- Cover art featuring John Lennon's childhood home at 251 Menlove Avenue in Woolton, Liverpool

Single by Oasis

from the album Definitely Maybe
- B-side: "Up in the Sky" (acoustic); "Cloudburst"; "Supersonic" (live);
- Released: 8 August 1994
- Studio: Clear (Manchester, England)
- Genre: Britpop; rock;
- Length: 4:36 (album version); 3:43 (radio edit);
- Label: Creation
- Songwriter: Noel Gallagher
- Producers: Oasis; Mark Coyle; Owen Morris;

Oasis singles chronology
| "Shakermaker" (1994) | "Live Forever" (1994) | "Cigarettes & Alcohol" (1994) |

Definitely Maybe track listing
- 11 tracks "Rock 'n' Roll Star"; "Shakermaker"; "Live Forever"; "Up in the Sky"; "Columbia"; "Supersonic"; "Bring It on Down"; "Cigarettes & Alcohol"; "Digsy's Dinner"; "Slide Away"; "Married with Children";

Audio sample
- file; help;

Music video
- "Live Forever" on YouTube

Music video
- "Live Forever" (US version) on YouTube

= Live Forever (Oasis song) =

1994 single by Oasis

"Live Forever" is a song by the English rock band Oasis. Written by Noel Gallagher, the song was released as the third single from their debut album Definitely Maybe (1994) on 8 August 1994, by Creation Records, just prior to that album's release. Inspired by the Rolling Stones' "Shine a Light", "Live Forever" features a basic song structure and lyrics with an optimistic outlook that contrasted with the attitude of the grunge bands popular at the time. Two different music videos were produced to accompany it, directed by Carlos Grasso and Nick Egan. The song was the first Oasis single to enter the top ten in the United Kingdom, and garnered critical acclaim. In 2017, lead singer Liam Gallagher declared it his favourite Oasis song. The British Phonographic Industry certified the song triple platinum in July 2024. Upon Oasis' reunion in August 2024, the song reached a new peak of number eight on the UK Singles Chart.

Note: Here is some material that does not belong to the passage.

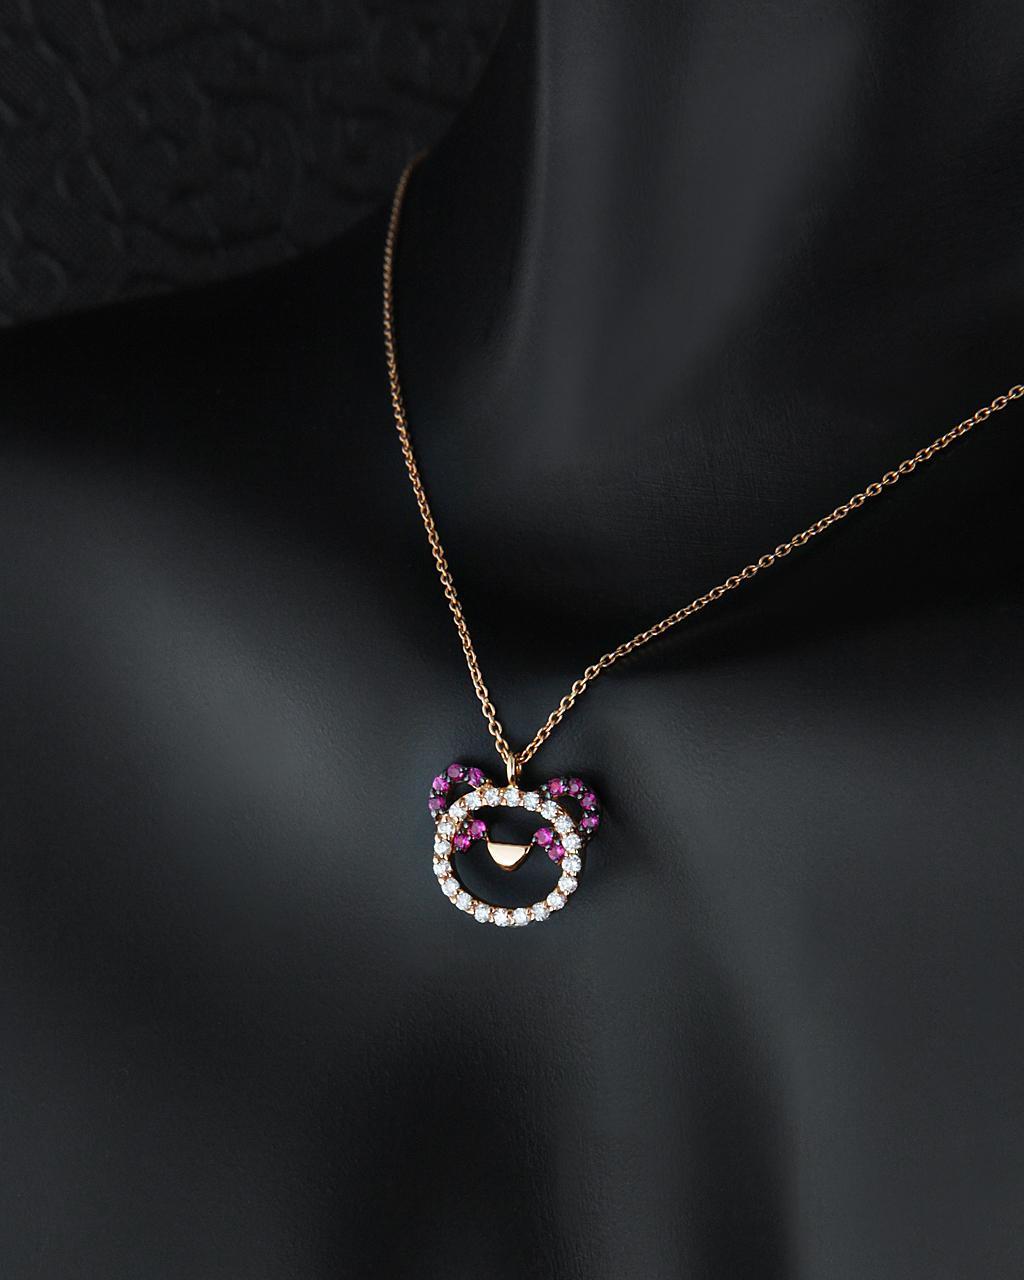 Κολιέ ροζ χρυσό Κ18 με Διαμάντια και Ρουμπίνια   γυναικα κρεμαστά κολιέ κρεμαστά κολιέ ροζ χρυσό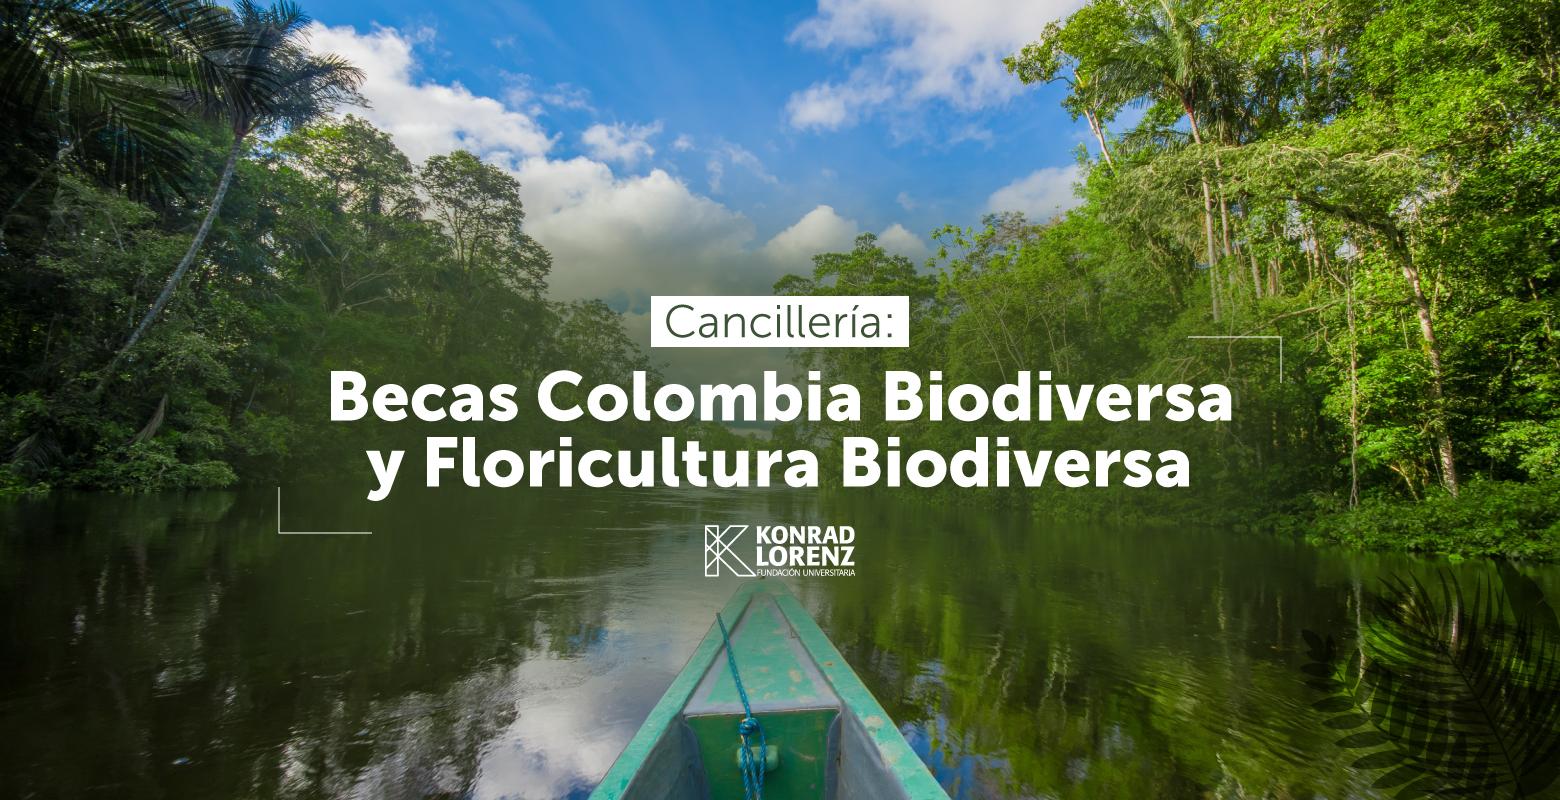 Becas Colombia Biodiversa y Floricultura Biodiversa

==Background and recording==
Noel Gallagher began working on "Live Forever" in 1991, while working for a building company in his hometown of Manchester. After his foot was crushed by a pipe in an accident, he was given a less-strenuous job working in the storeroom, allowing him more time to write songs. One night, he was listening to the Rolling Stones' album Exile on Main St.; while playing one of his own chord progressions, Gallagher noted that it sounded good against one of the vocal melodies from the album: "It was the bit from 'Shine a Light' that goes [sings], 'May the good Lord shine a light on you, Gallagher recalled. Gallagher incorporated the melody, changing the line to "Maybe I don't really want to know". For a period afterwards, that was the only part of the song Gallagher had completed.

Noel Gallagher presented a fully composed "Live Forever" to the band for the first time in early 1993 during rehearsals. According to drummer Tony McCarroll, the band were openly awed by it. The song was later instrumental in helping the band secure their record deal with Creation Records. Reflecting on when he first heard the song, Creation boss Alan McGee recalled, "It was probably the single greatest moment I've ever experienced with them".

The demo version of "Live Forever" begins with an acoustic guitar intro. While recording the album version, the record's producer Owen Morris cut out this intro and replaced it with a drumbeat played by McCarroll. Morris further cut a second section in Gallagher's guitar solo. Gallagher was bemused by Morris' decision, and jokingly asked him through manager Marcus Russell to "not cut it in half again on the final mix". Morris said that the removed part made him think of "Slash in leather keks with a wind machine on the Grand Canyon".

==Composition==
"Live Forever" is in the key of G major (varispeeded up by less than half a semitone during mixing) and is based on a G–D–Am–C–D chord progression, with the G chord becoming an Em during the pre-chorus, though the key changes to A minor following the last chorus. The vocal melody only consists of a few notes. The simplistic arrangement of the song "meant the song never resolved". Guitarist Paul Arthurs said, "for me that song could keep going."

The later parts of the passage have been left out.